Accurate identification of the boundaries of organs or abnormal objects (e.g., tumors) in medical images is important in surgical planning and in the diagnosis and prognosis of diseases. In this study, we propose a deep learning-based method to segment lung areas in chest X-rays. The novel aspect of the proposed method is the self-attention module, where the outputs of the channel and spatial attention modules are combined to generate attention maps, with each highlighting those regions of feature maps that correspond to “what” and “where” to attend in the learning process, respectively.

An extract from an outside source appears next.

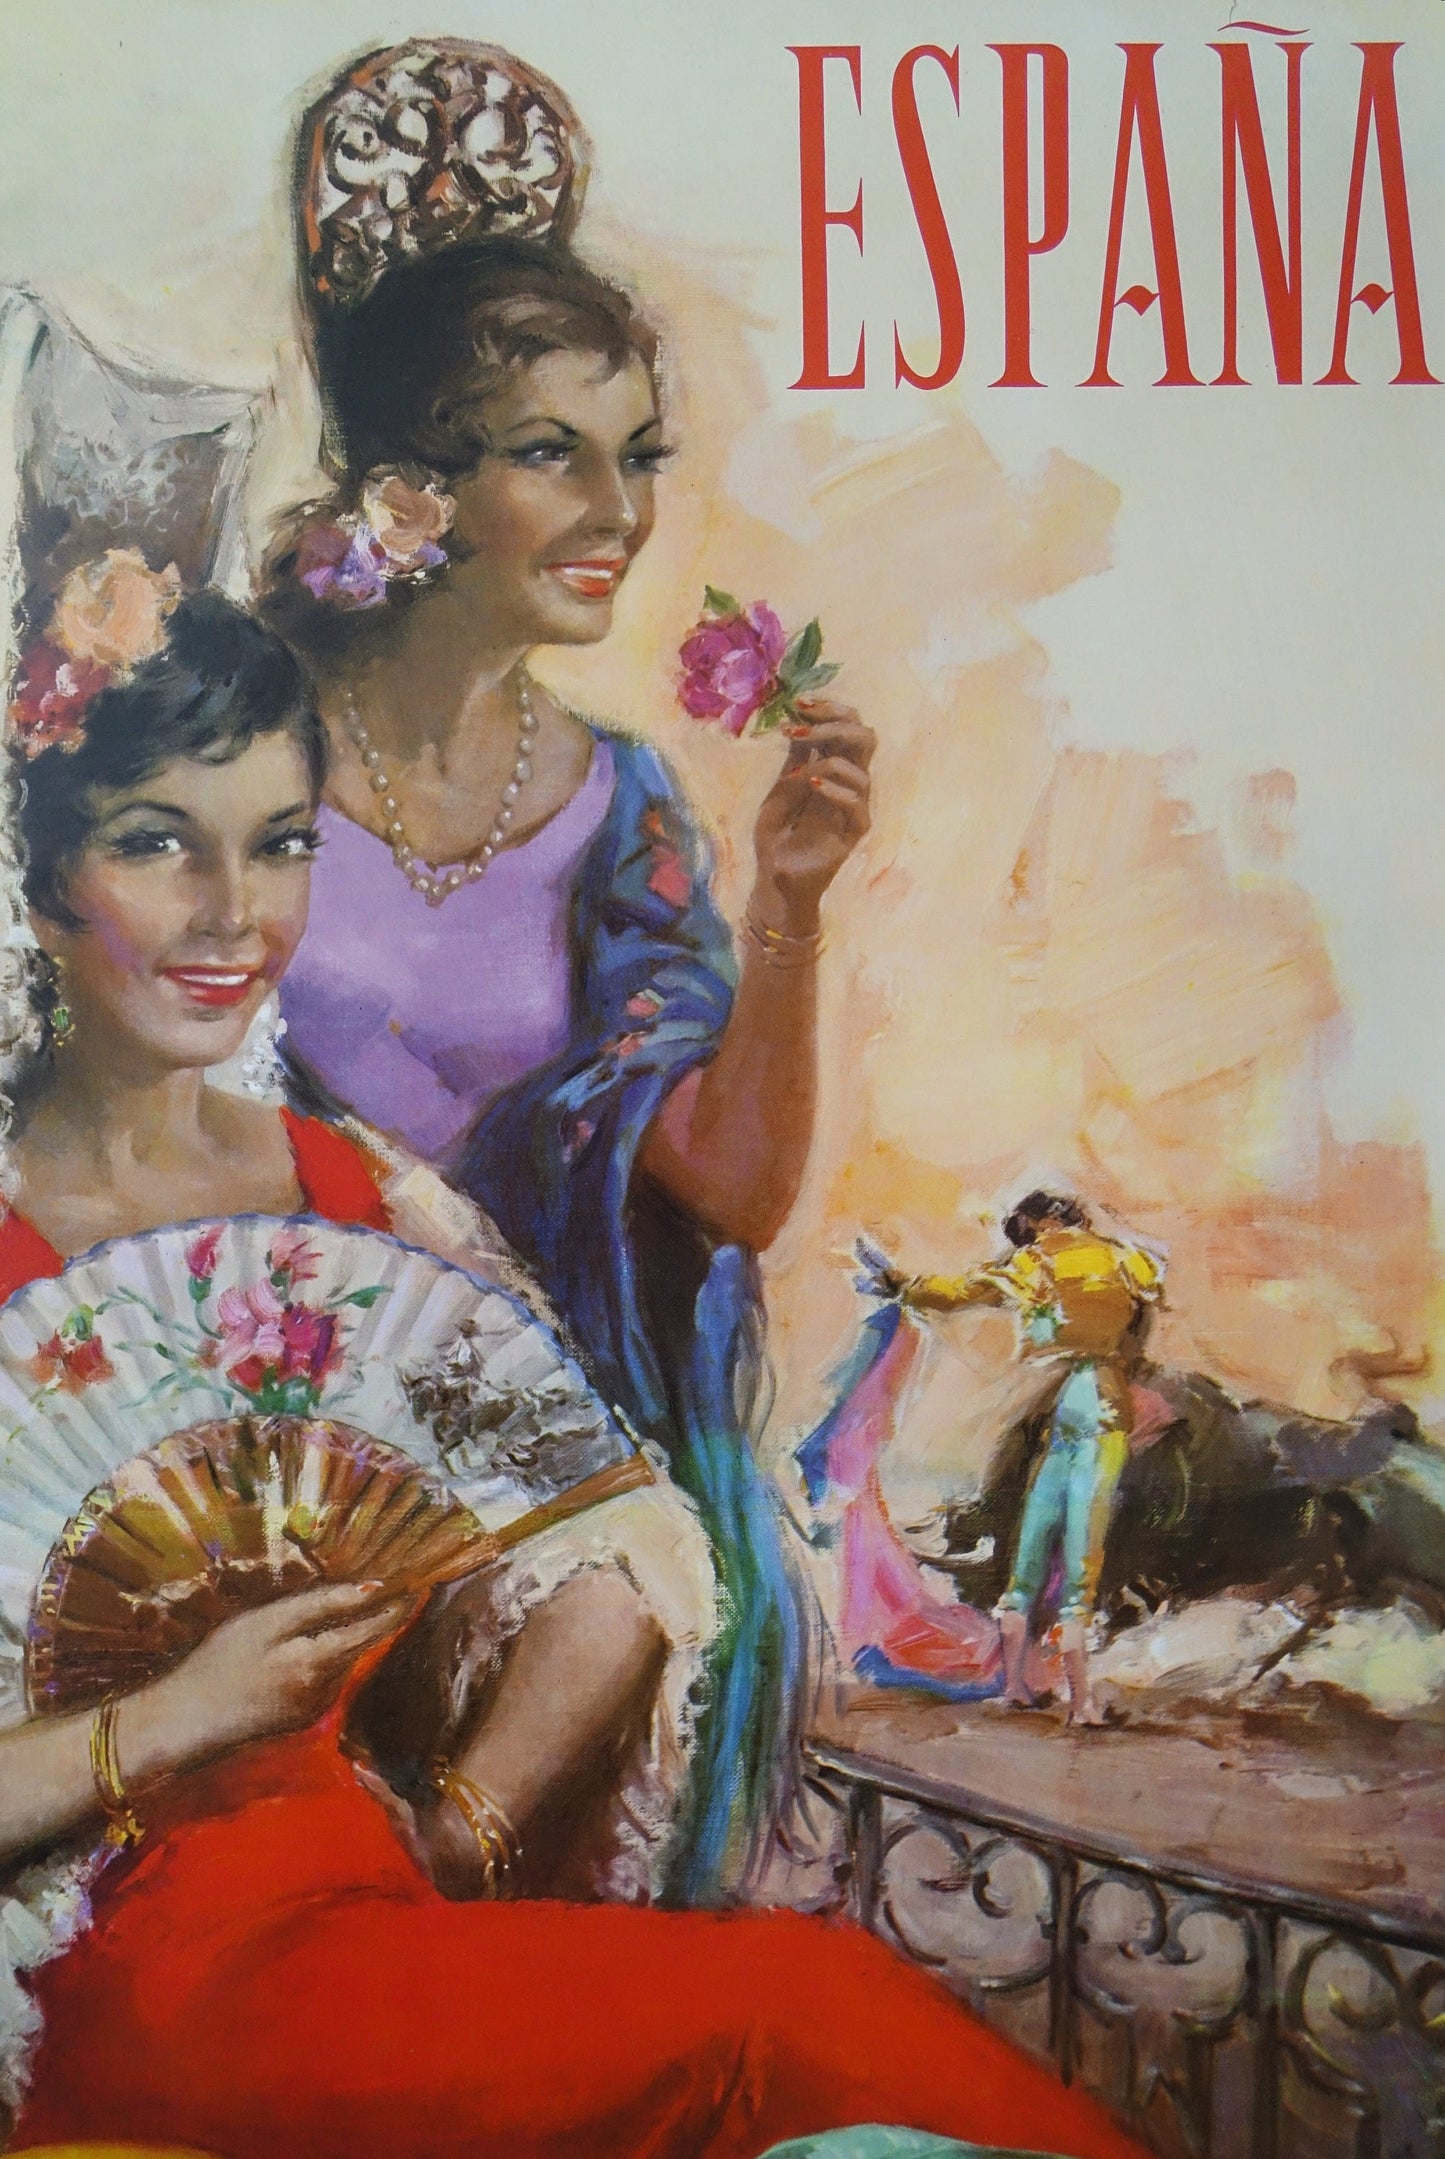 1962 Spanish Travel Poster - Original Vintage Poster

Thereafter, the attention maps are multiplied element-wise with the input feature map, and the intermediate results are added to the input feature map again for residual learning. Using X-ray images collected from public datasets for training and evaluation, we applied the proposed attention modules to U-Net for segmentation of lung areas and conducted experiments while changing the locations of the attention modules in the baseline network. The experimental results showed that our method achieved comparable or better performance than the existing medical image segmentation networks in terms of Dice score when the proposed attention modules were placed in lower layers of both the contracting and expanding paths of U-Net.

Keywords:

deep learning; medical image; attention module; image segmentation; lung segmentation

1. Introduction

Various studies on medical imaging using deep learning that combine medical imaging with image classification, detection, and segmentation have been conducted recently [1]. For example, ChexNet [2], which was developed by a Stanford University research team, demonstrated faster and more accurate identification of 14 chest X-ray-detectable diseases compared to specialists. In January 2020, DeepMind proposed an artificial intelligence model for breast cancer diagnosis. The model outperformed existing breast cancer diagnosis models by decreasing the false positive and false negative ratios by 3.5% and 8.1%, respectively, thus showing a lower breast cancer misdiagnosis rate than that of doctors [3]. Image segmentation is invaluable because it can distinguish specific interest areas by drawing boundary lines in an input image and identifying diseases by segmenting organs and tumors in medical images. For instance, Li et al. recently proposed a method that automatically identifies cardiomegaly by the cardiothoracic ratio, which is determined automatically using the image segmentation results of the lung and heart [4]. In such automatic disease identification systems, the performance of disease diagnosis is dependent on the image segmentation performance.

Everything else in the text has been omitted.